In D.C., Republicans say they want to "move on" from the events of Jan. 6. At the state level, it's a very different story.
Image: Stop the Steal rally
A supporter of President Donald Trump arrives for a rally on the Ellipse outside of the White House on Jan. 6, 2021.Alex Edelman / AFP - Getty Images file

Nikki Haley recently appeared on Fox News to argue against holding Donald Trump accountable for inciting the Jan. 6 attack on the Capitol. Though the former ambassador to the United Nations was willing to say the former president's actions were "not great," Haley soon added, "I mean, give the man a break. I mean, move on."

Around the same time, Sen. Ted Cruz (R-Texas) also appeared on Fox News and used similar phrasing. "[T]o coin a phrase, I think it's time to move on," the Republican senator said. "It's time to move on."

Most Republicans in D.C. have adopted the same posture: the attack was a whole month ago, and Trump's no longer in office, so why make a fuss about the former president attacking our democracy, trying to subvert our electoral process, and dispatching a violent mob on the Capitol?

But away from Capitol Hill, it's a different story.

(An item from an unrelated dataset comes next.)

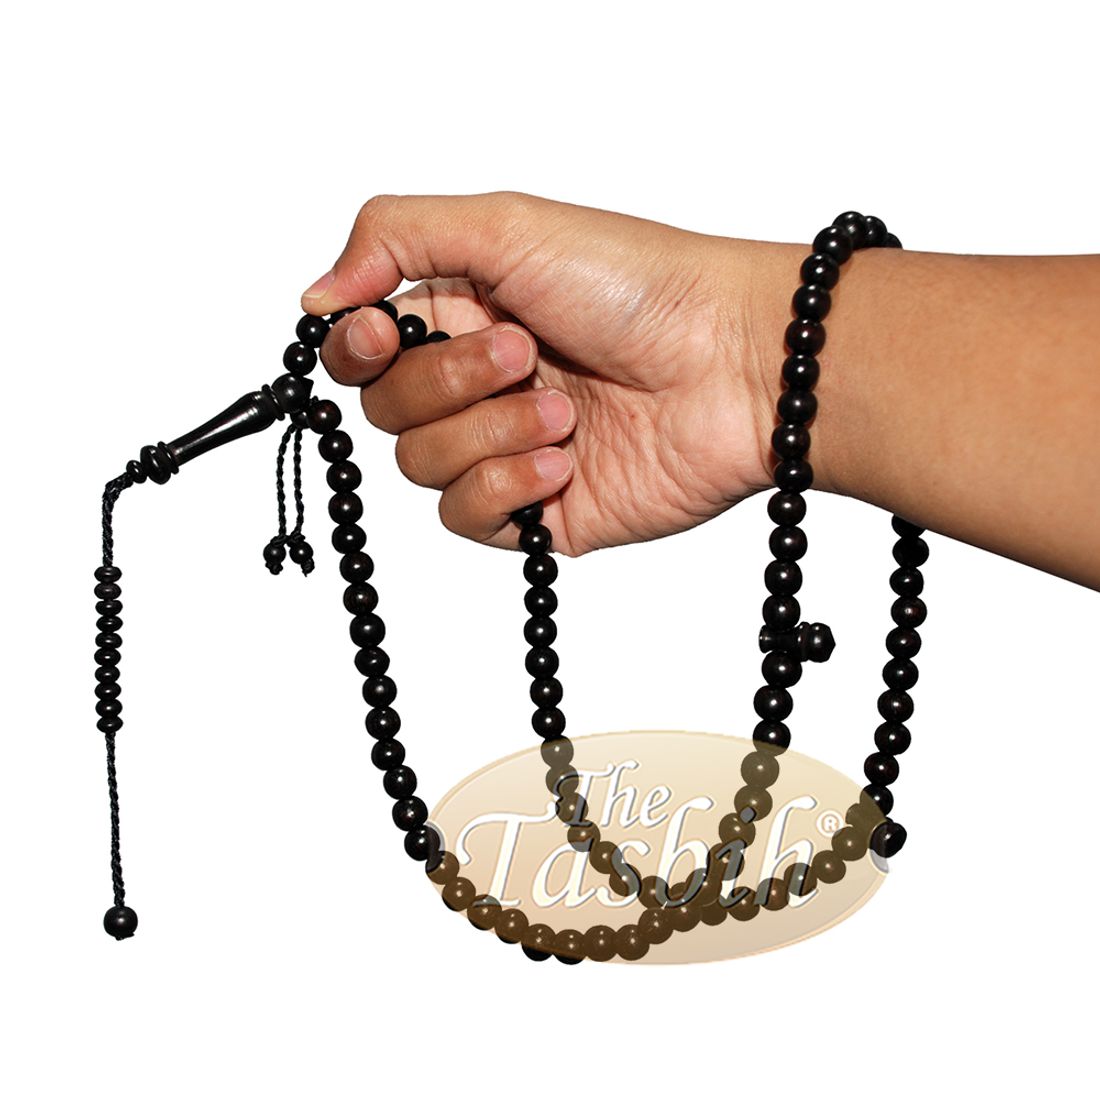 Kalung Tasbih Tasbih – Kayu Asam Dicelup Buatan Tangan 99-manik dengan Penghenti Kayu
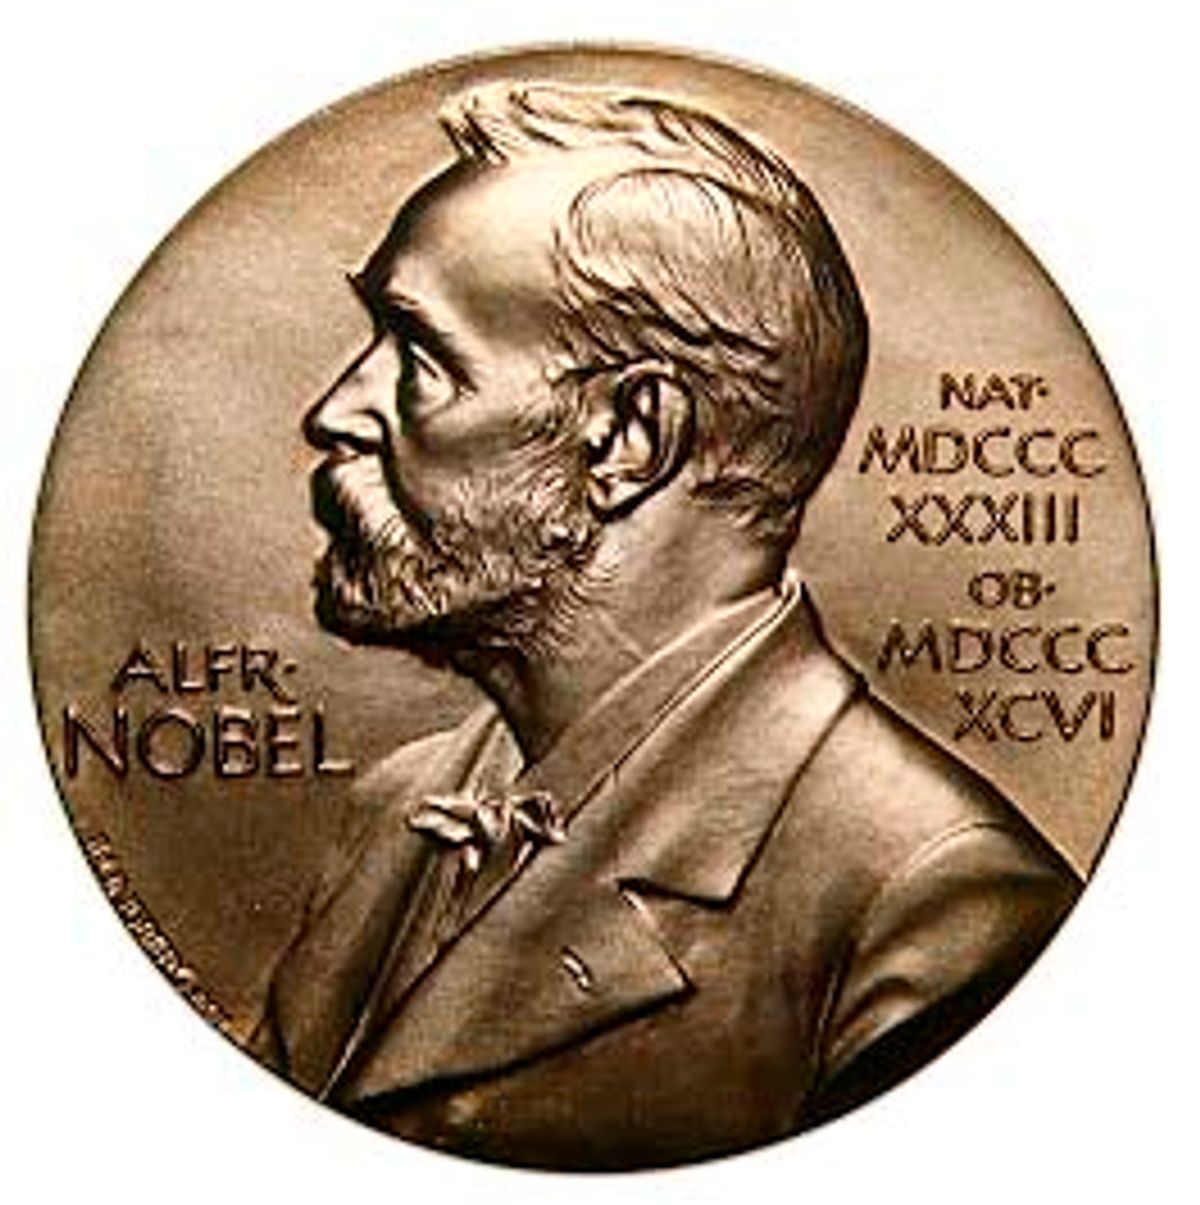 Nanotechnology Sweeps Nobel Prizes

At the state level, Republicans aren't just resisting the idea that the political world should "move on"; they're still acting on the ridiculous idea that Trump's Big Lie is true.

In Nevada, for example, the state Republican Party is urging the public to call into state legislative meetings featuring Barbara Cegavske -- Nevada's Republican secretary of state, to ask why "no official is investigating illegal votes in Nevada."

In Michigan, it's worse.

Six Trump supporters from Michigan have been arrested in connection with the storming of the Capitol. One, a former Marine accused of beating a Capitol Police officer with a hockey stick, had previously joined armed militiamen in a protest organized by Michigan Republicans to try to disrupt ballot counting in Detroit. The chief organizer of that protest, Meshawn Maddock, on Saturday was elected co-chair of the state Republican Party — one of four die-hard Trump loyalists who won top posts.

And in Arizona, it's worse still.

In a surprise move Monday, the Arizona Senate voted to not hold the Maricopa County Board of Supervisors in contempt for failing to turn over voting machines and ballots from the November election. The vote was expected to pass with a Republican majority, but GOP Rep. Paul Boyer voted against the resolution, evening the tallies at 15 each and killing the resolution. If the vote would have passed, the five-member board consisting of just one Democrat could have been subject to immediate arrest.

If you missed last night's show, Rachel explained this story in unsettling detail, and it's every bit as ridiculous as it seems. A group of GOP state legislators were prepared to have local officials in Arizona's largest county arrested because they, in accordance with the law, protected ballots and voting machines from political interference.

Just barely, that effort fell short, though one Republican state senator responded by suggesting the public may take matters into their own hands. "So, public, do what you gotta do," state Sen. Kelly Townsend (R) said.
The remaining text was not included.